[Instructions for the task] All entries are to be printed again exactly, with their images omitted.

+-------+

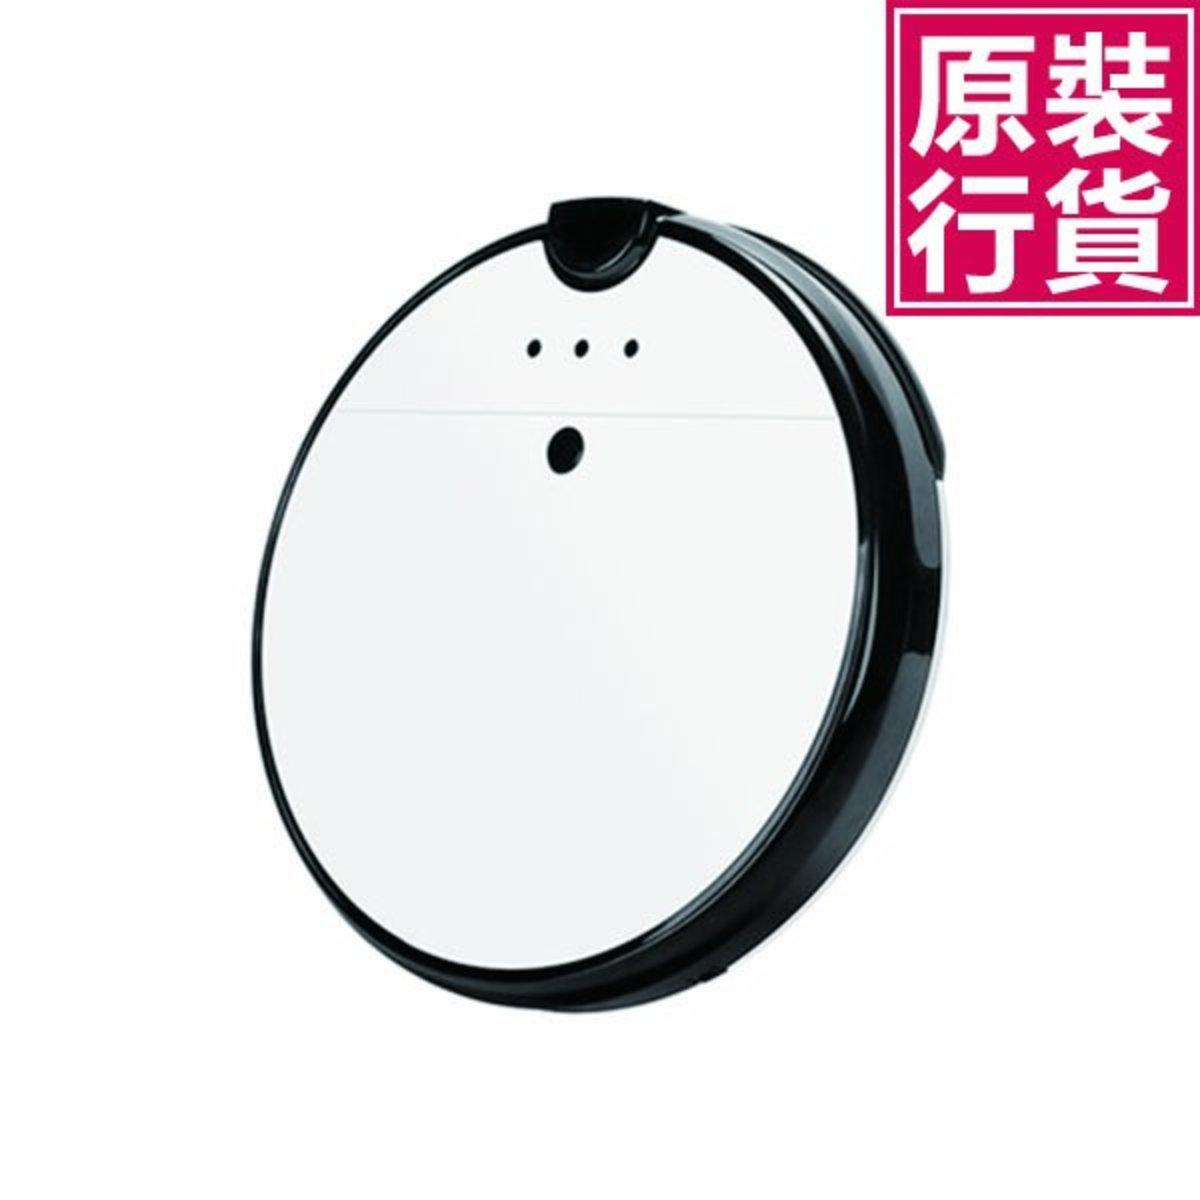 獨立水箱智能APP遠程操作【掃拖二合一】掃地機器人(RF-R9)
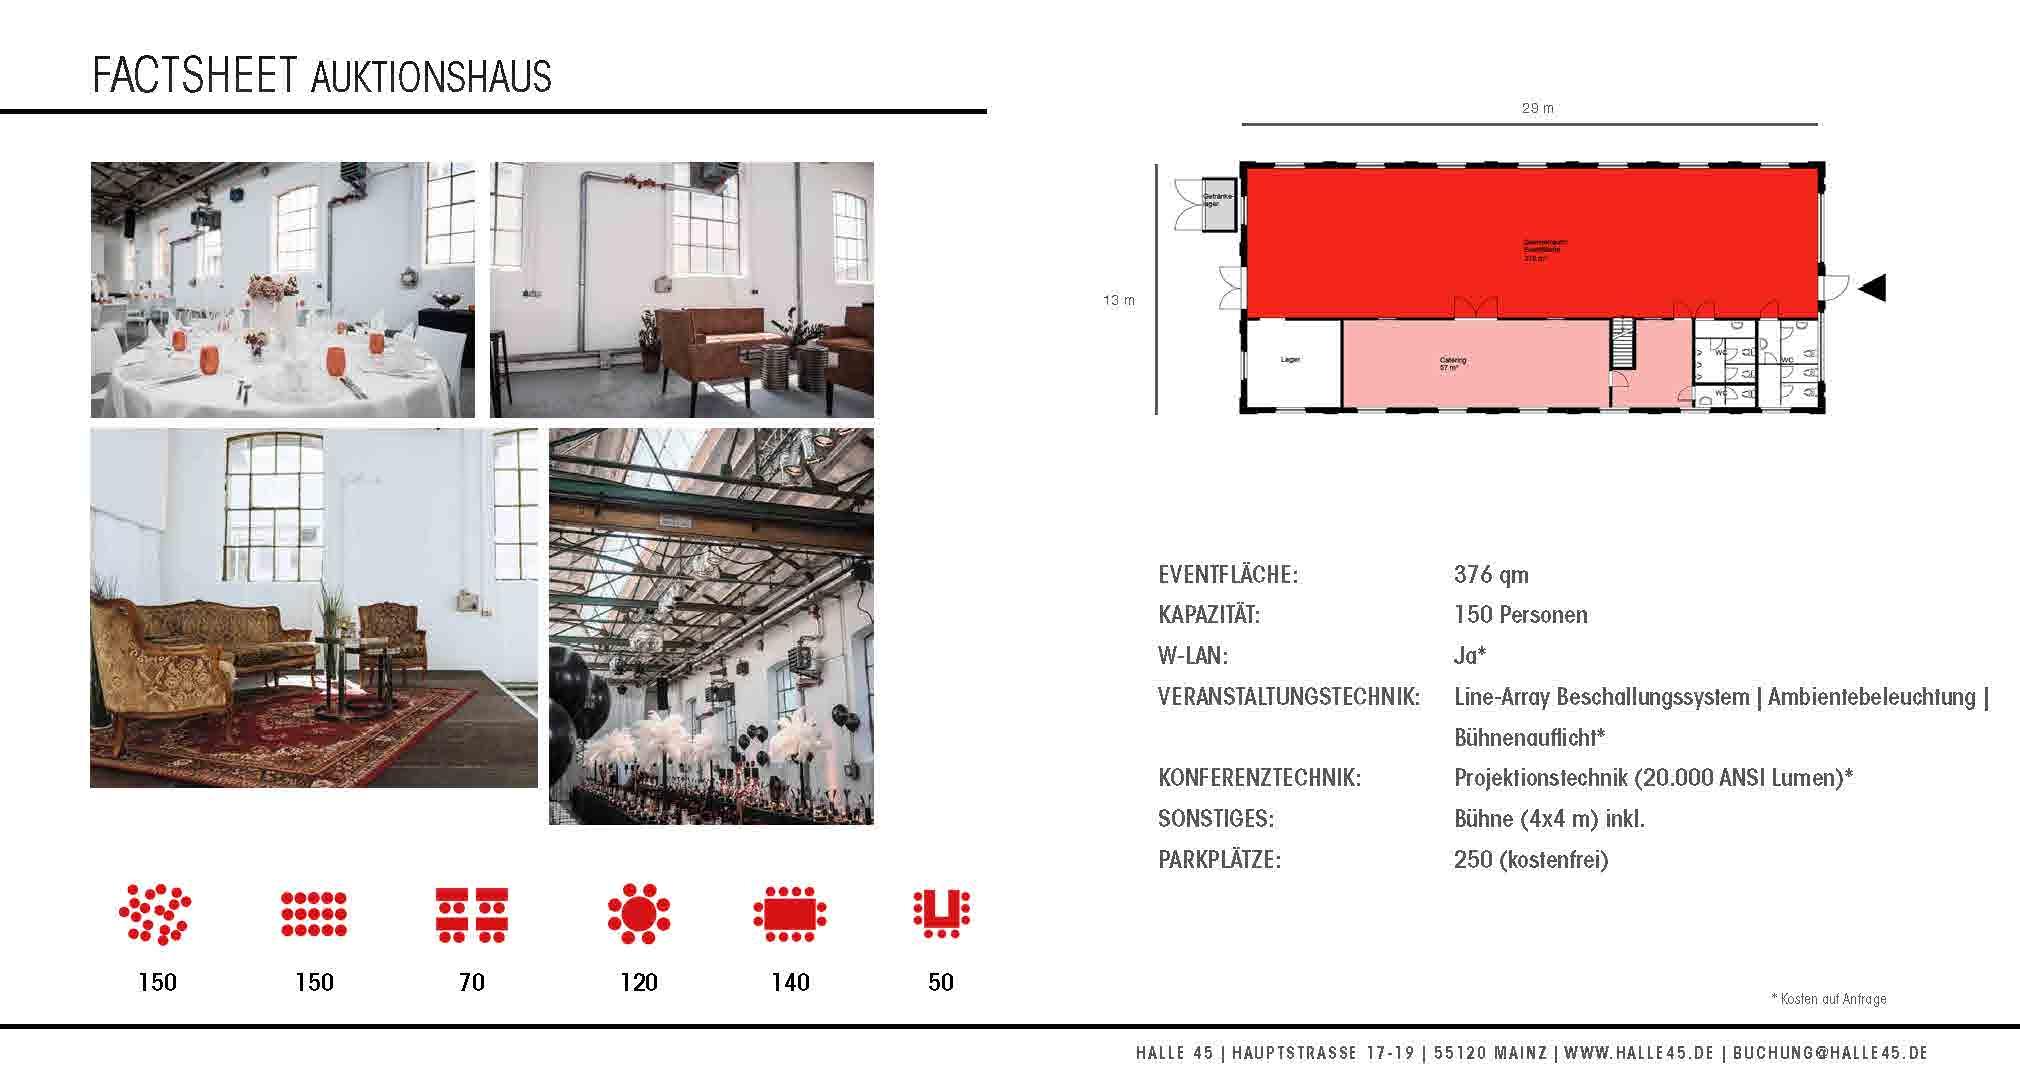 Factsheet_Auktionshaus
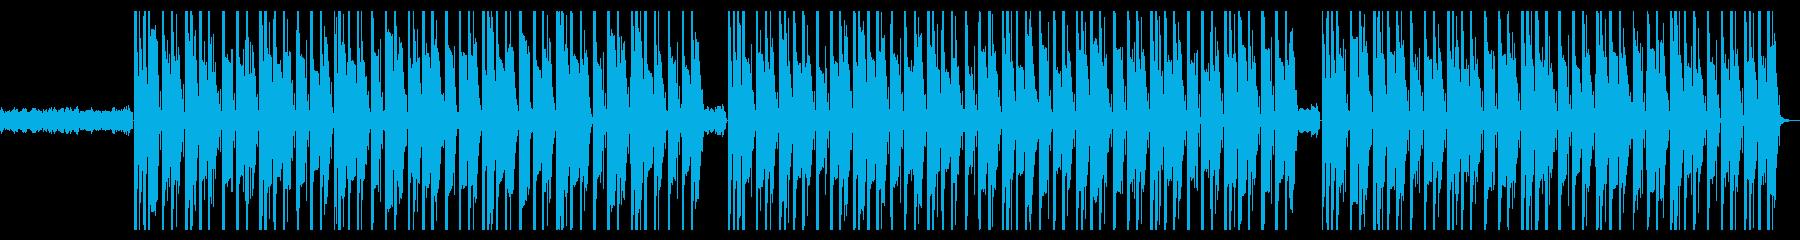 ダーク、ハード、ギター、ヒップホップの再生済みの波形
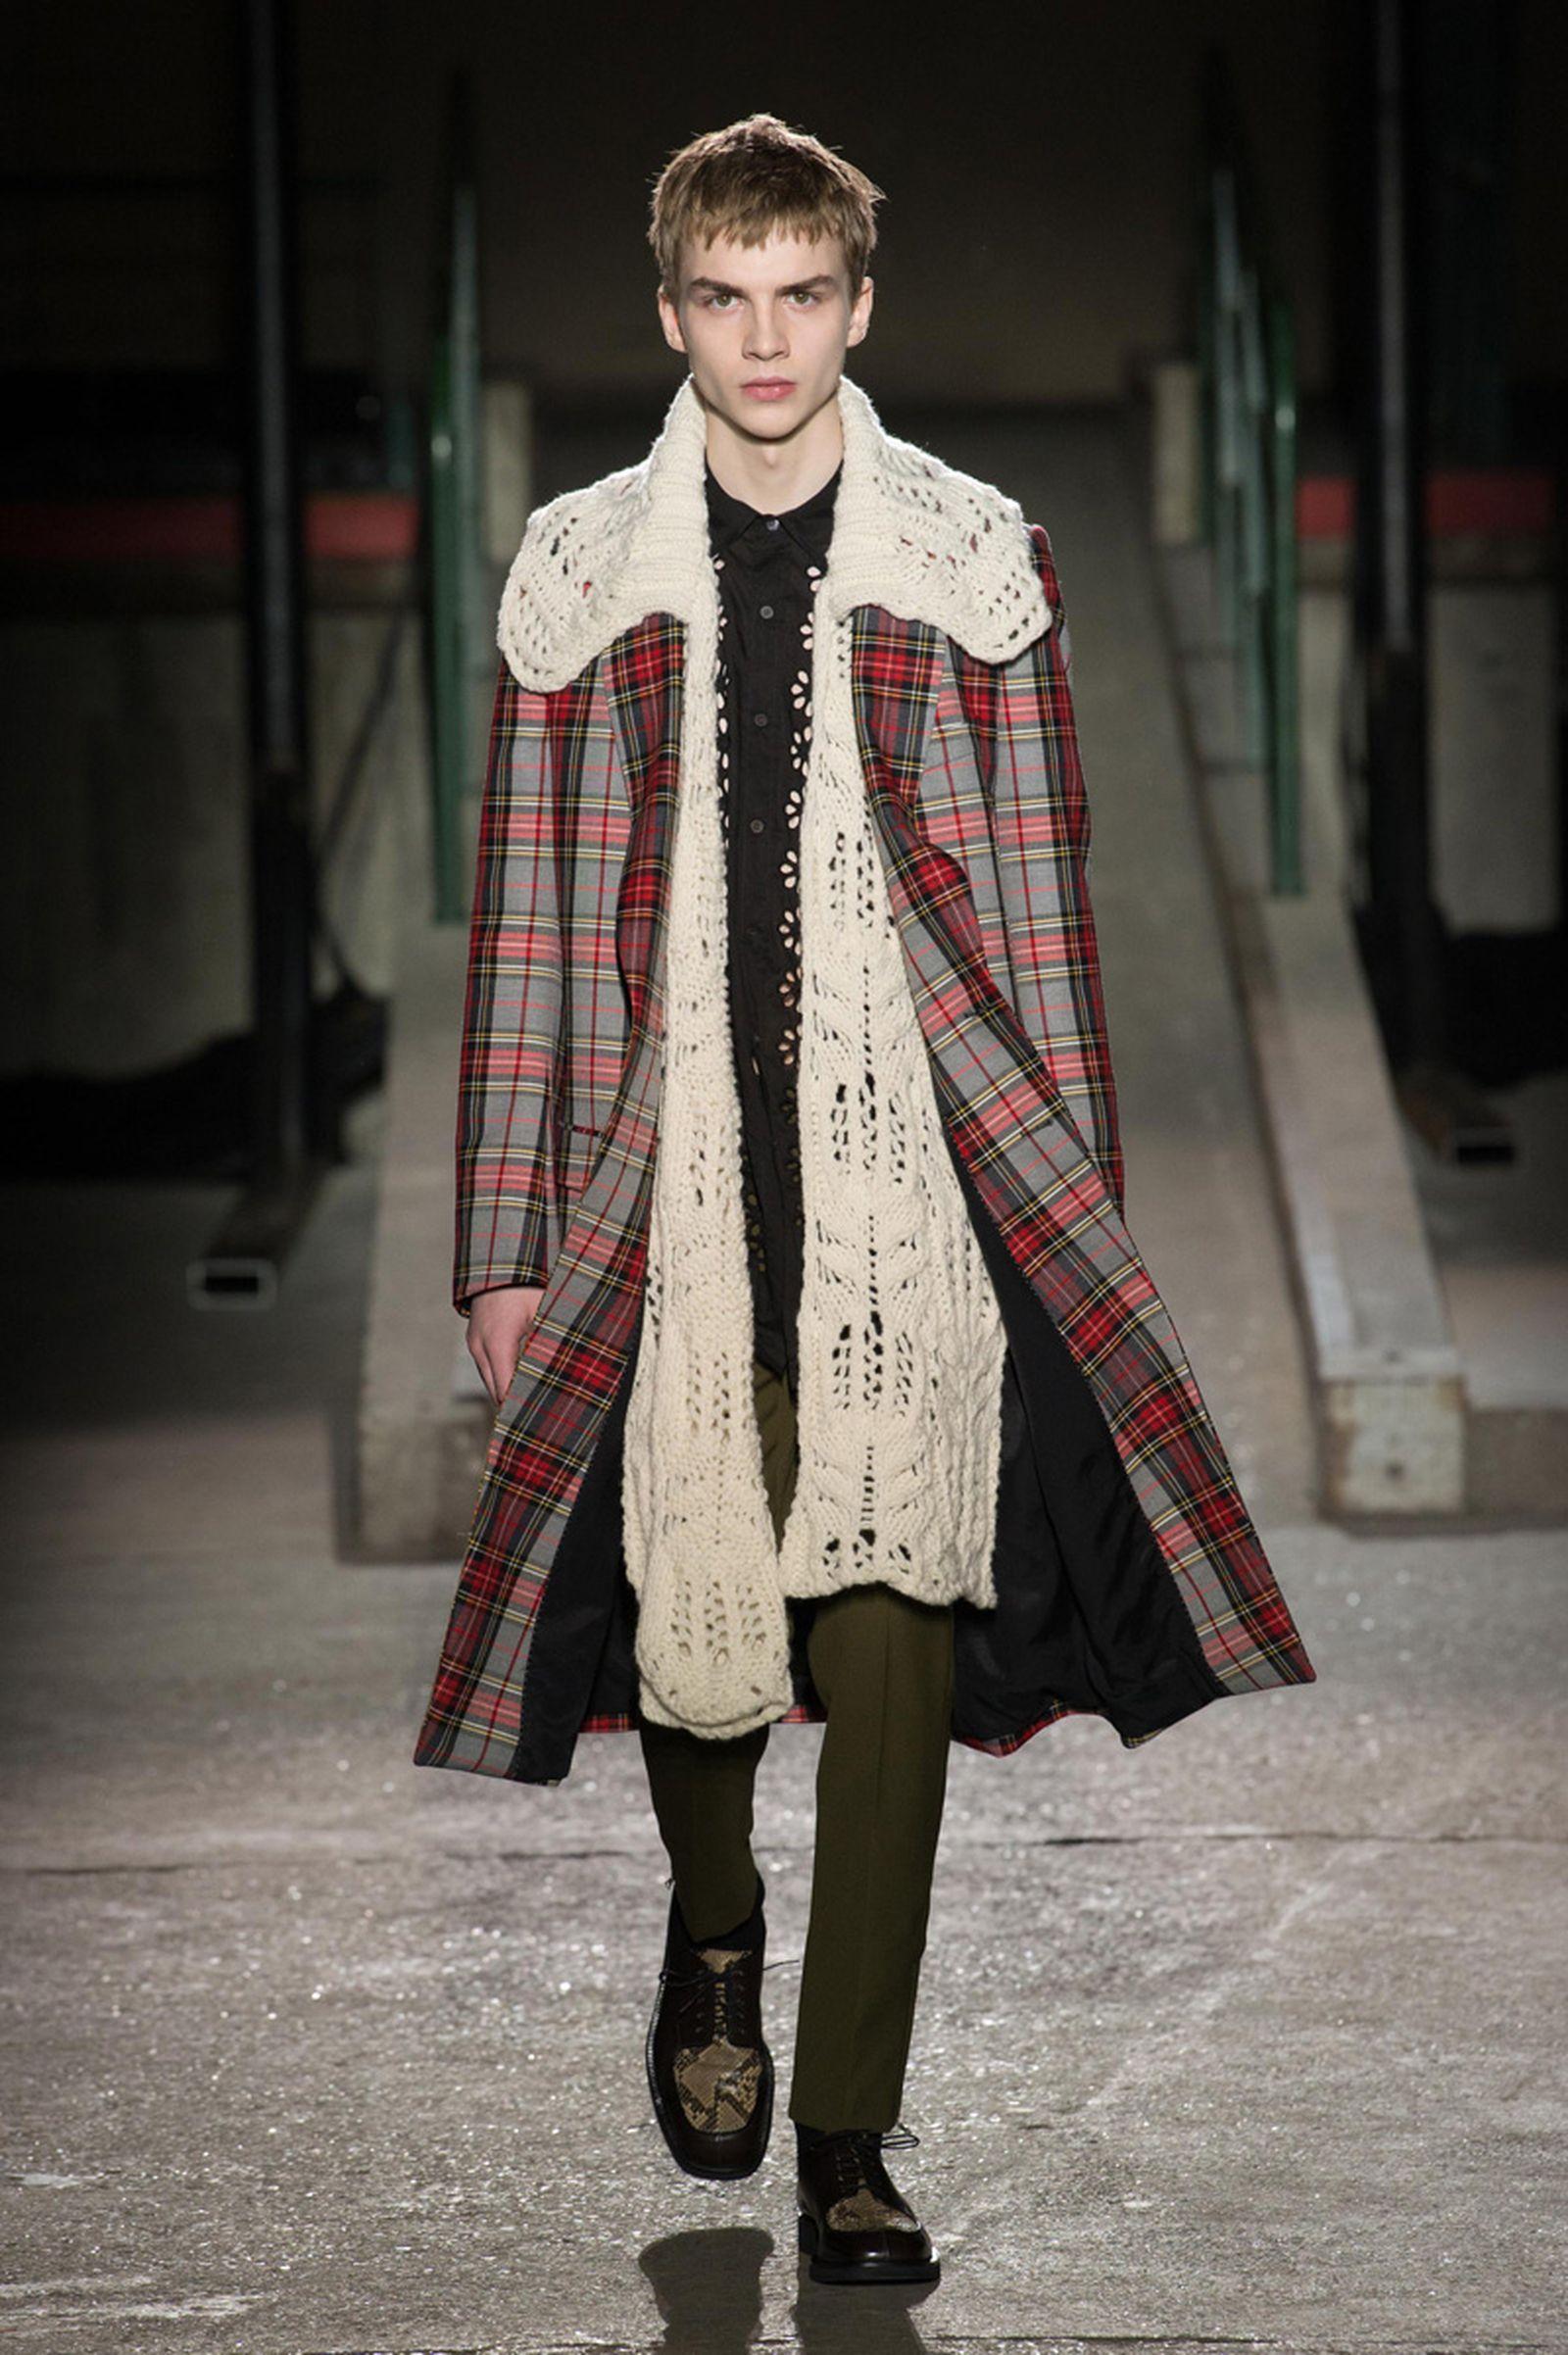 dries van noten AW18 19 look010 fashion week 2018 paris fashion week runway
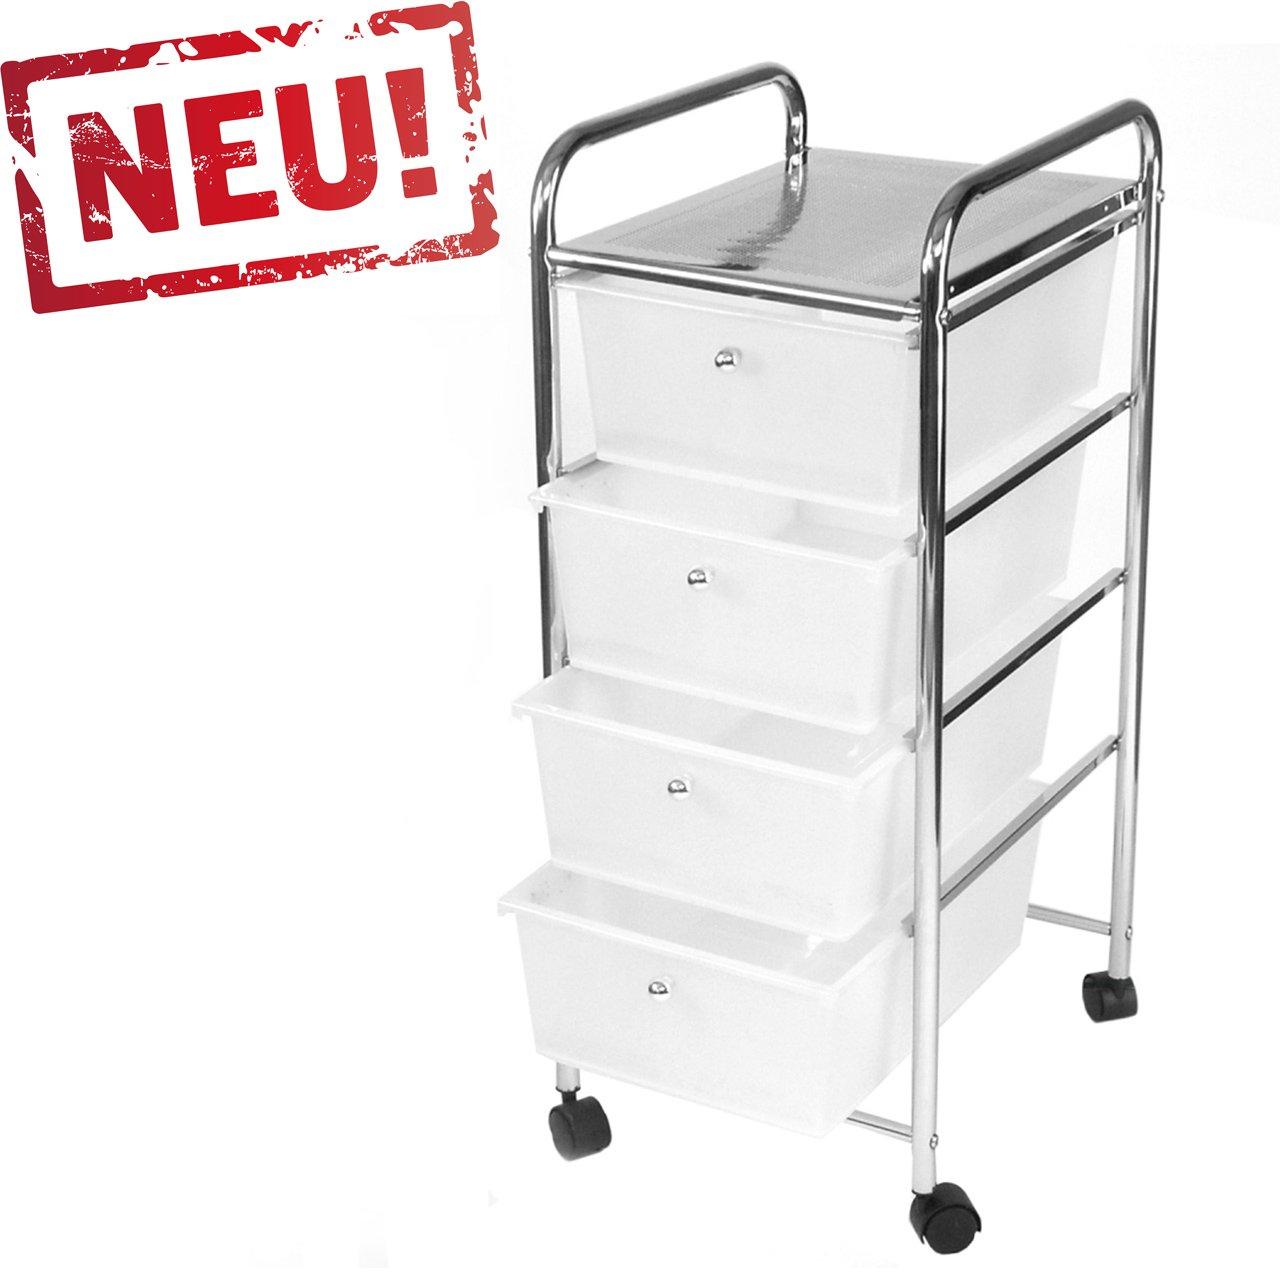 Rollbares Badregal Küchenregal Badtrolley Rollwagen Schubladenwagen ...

+-------+

[Result for this exercise]
 獨立水箱智能APP遠程操作【掃拖二合一】掃地機器人(RF-R9)
 Factsheet_Auktionshaus
 ダーク、ハード、ギター、ヒップホップの再生済みの波形
 dries van noten AW18 19 look010 fashion week 2018 paris fashion week runway
 Rollbares Badregal Küchenregal Badtrolley Rollwagen Schubladenwagen ...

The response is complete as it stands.